According to the examples of the actuator 18, 32 of FIG. 4, the switching device 58 used to couple the third inverter 52C to the different supply circuits 56A, 56B is external to the third inverter 52C. For example, the switching device 58 can also be part of a control logic unit, for example the control logic unit 42 of the electronic steering system 12. The switching device 58 can be configured to switch selectively back and forth between the supply circuits 56A, 56B. In some examples, the switching device 58 can also be configured to combine both supply circuits 56A, 56B, for instance, via a diode circuit (logic circuit).
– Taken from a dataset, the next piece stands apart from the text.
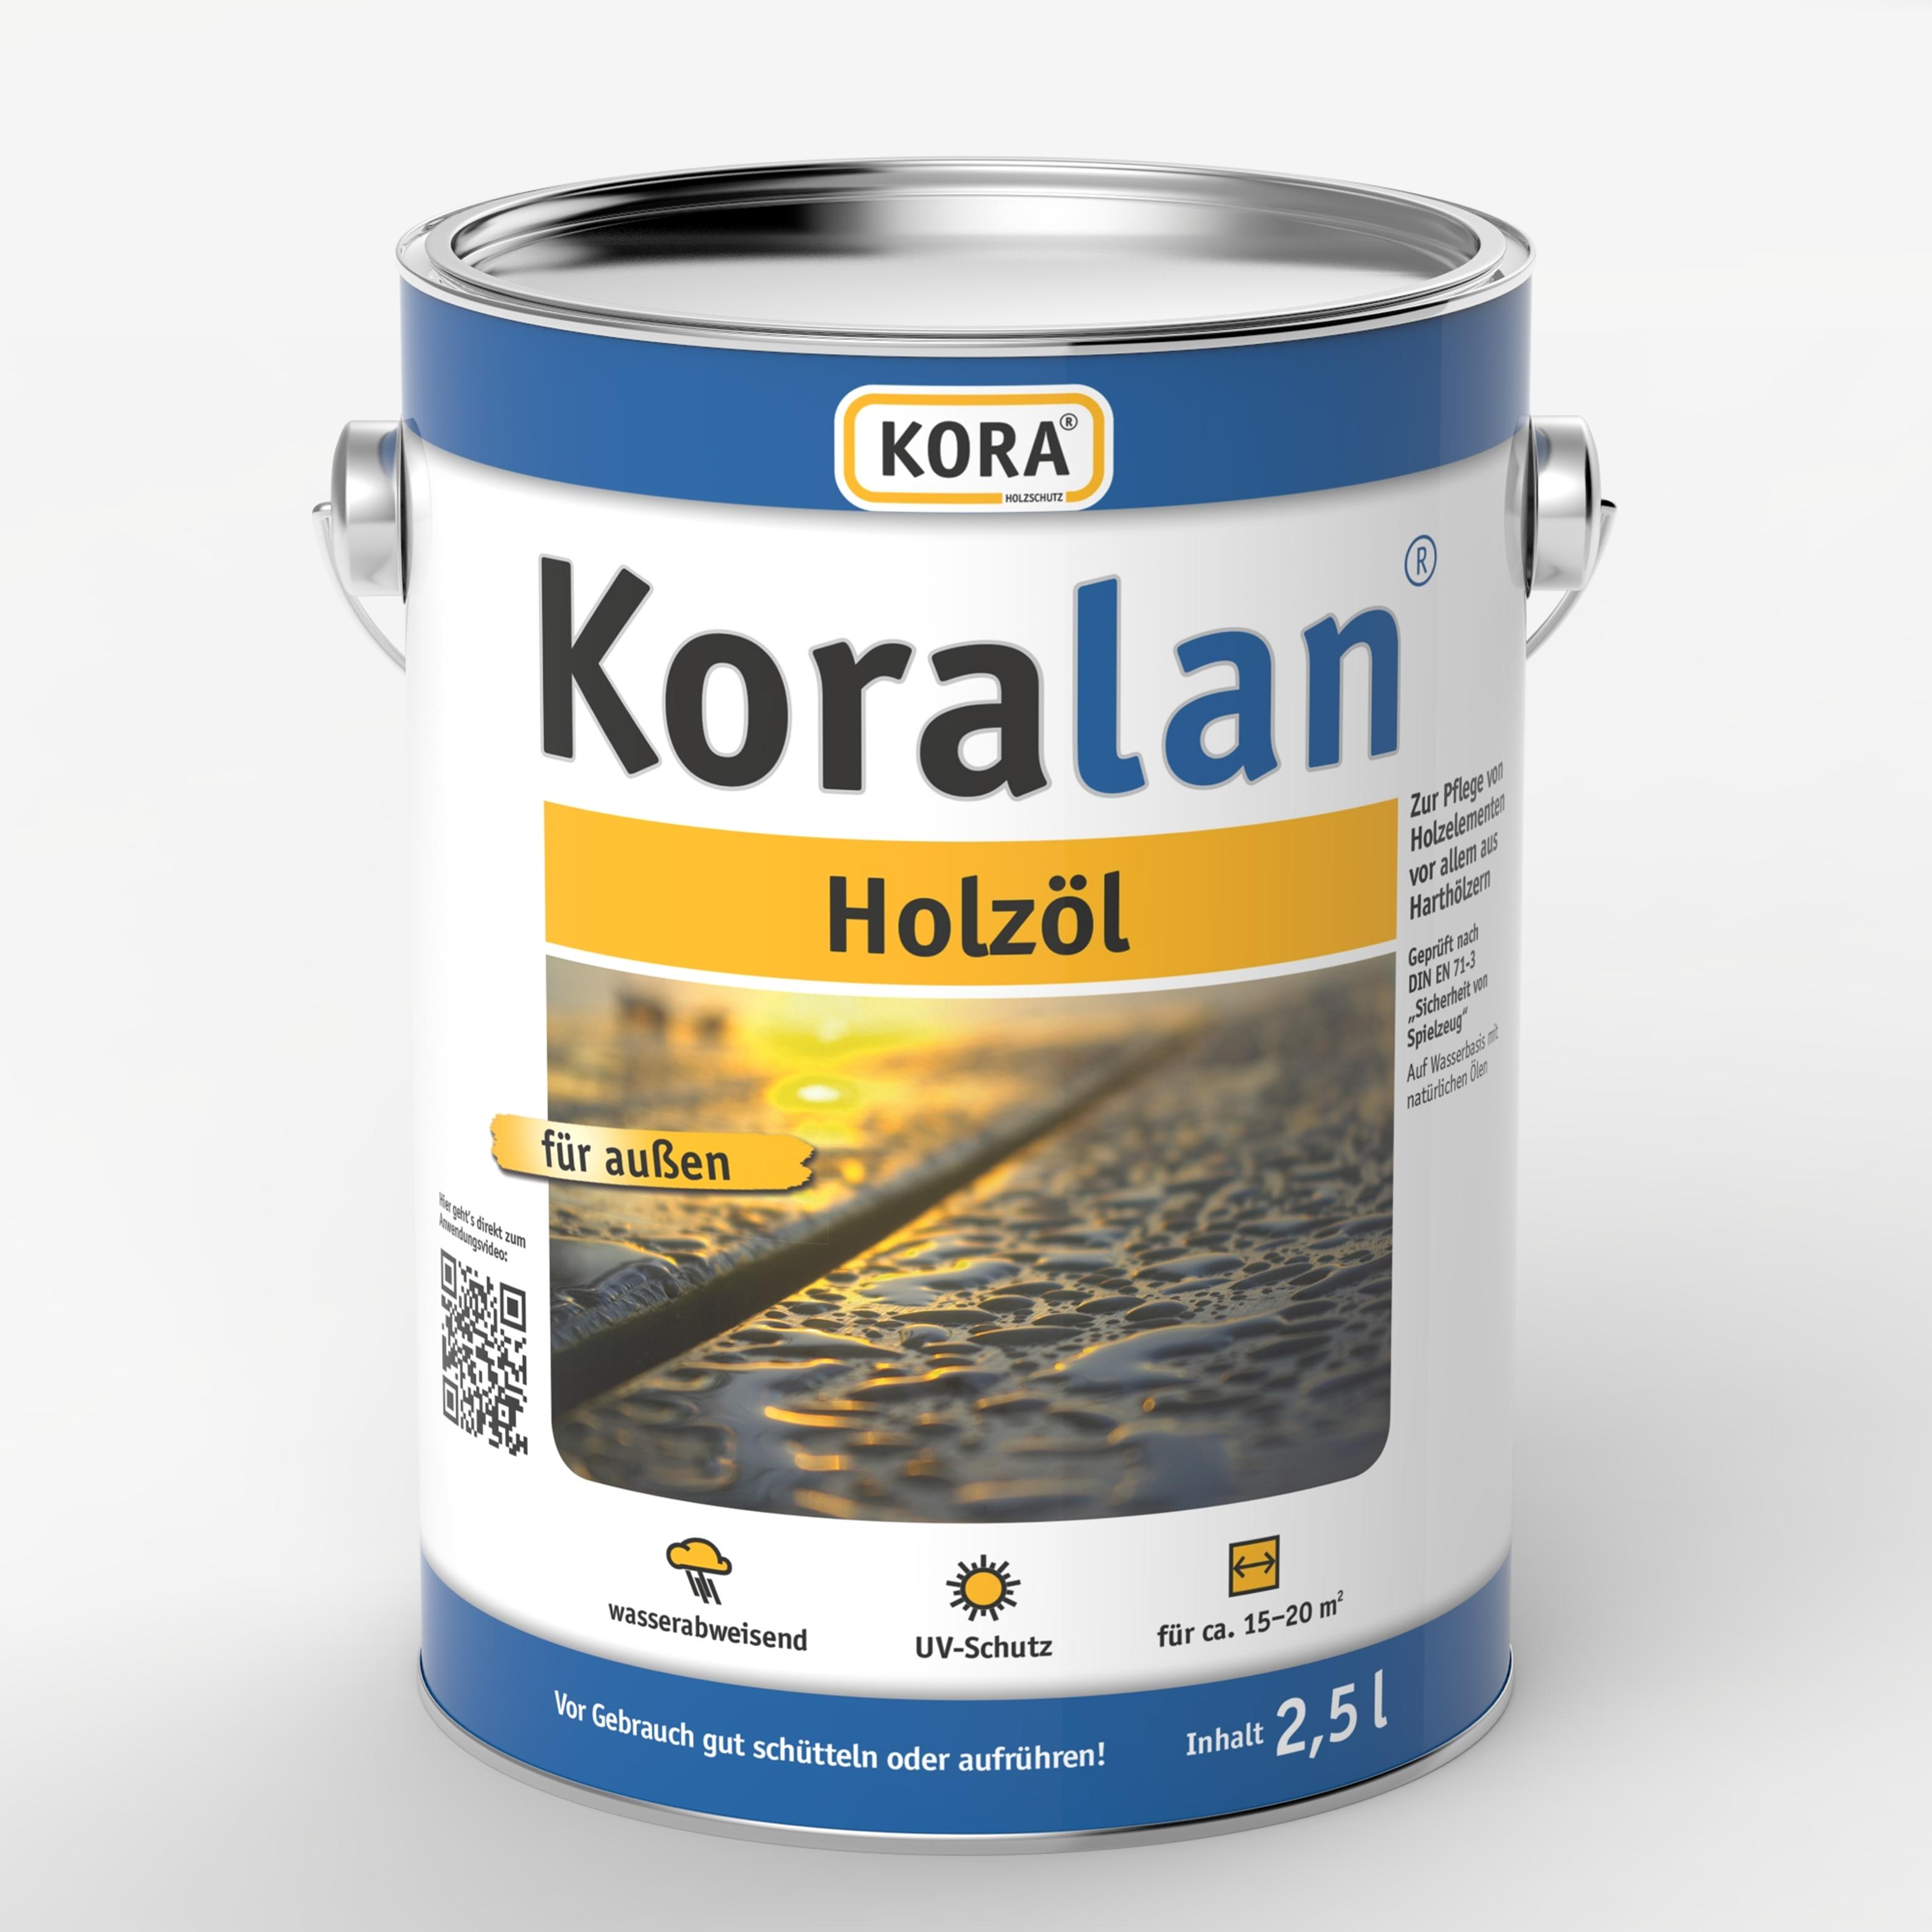 koralan-holzoel-spezial-holzschutzmittel-750ml-2500ml-obermeier.jpg_product_product_product

The switching device 58 can be an external component but also part of the third inverter 52C.

Additionally, the first power electronics unit 54A and the second power electronics unit 54B of the third inverter 52C are configured such that they can each output only 16% of the nAPD to winding sets 22 of the electric motor 20, 34.

In the first mode (e.g., an unexpected operating condition in the inverter 52A or the supply circuit 56A), the second winding set 22B of the electric motor 20, 34 is still supplied with 50% of the nAPD by the second inverter 52B. In addition, the first winding set 22A of the electric motor 20, 34 is supplied with 16% of the nAPD by the first power electronics unit 54A of the third inverter 52C. The total power output from the operational inverters 52, therefore, equals 66% of the nAPD in the first mode.

If the second inverter 52B is also in an unexpected operating state, then each of the winding sets 22A, 22B of the electric motor 20, 34 can still be supplied with 16% of the nAPD by the two power electronics units 54A, 54B of the third inverter 52C. If the third inverter is in an unexpected operating state, then the second winding set 22B can at least still be supplied with 50% of the nAPD by the second inverter 52B. The total power output from the third inverter 52C therefore equals at least 33% of the nAPD in the second mode.

In some examples, in the event of a loss of a supply circuit 56A, 56B, at least 66% of the nAPD (e.g., an unexpected operating condition of the power supply is the first unexpected operating condition) or at least 33% of the nAPD (e.g., an unexpected operating condition of the power supply is the second unexpected operating condition after an initial unexpected operating condition in a inverter 52) is still available.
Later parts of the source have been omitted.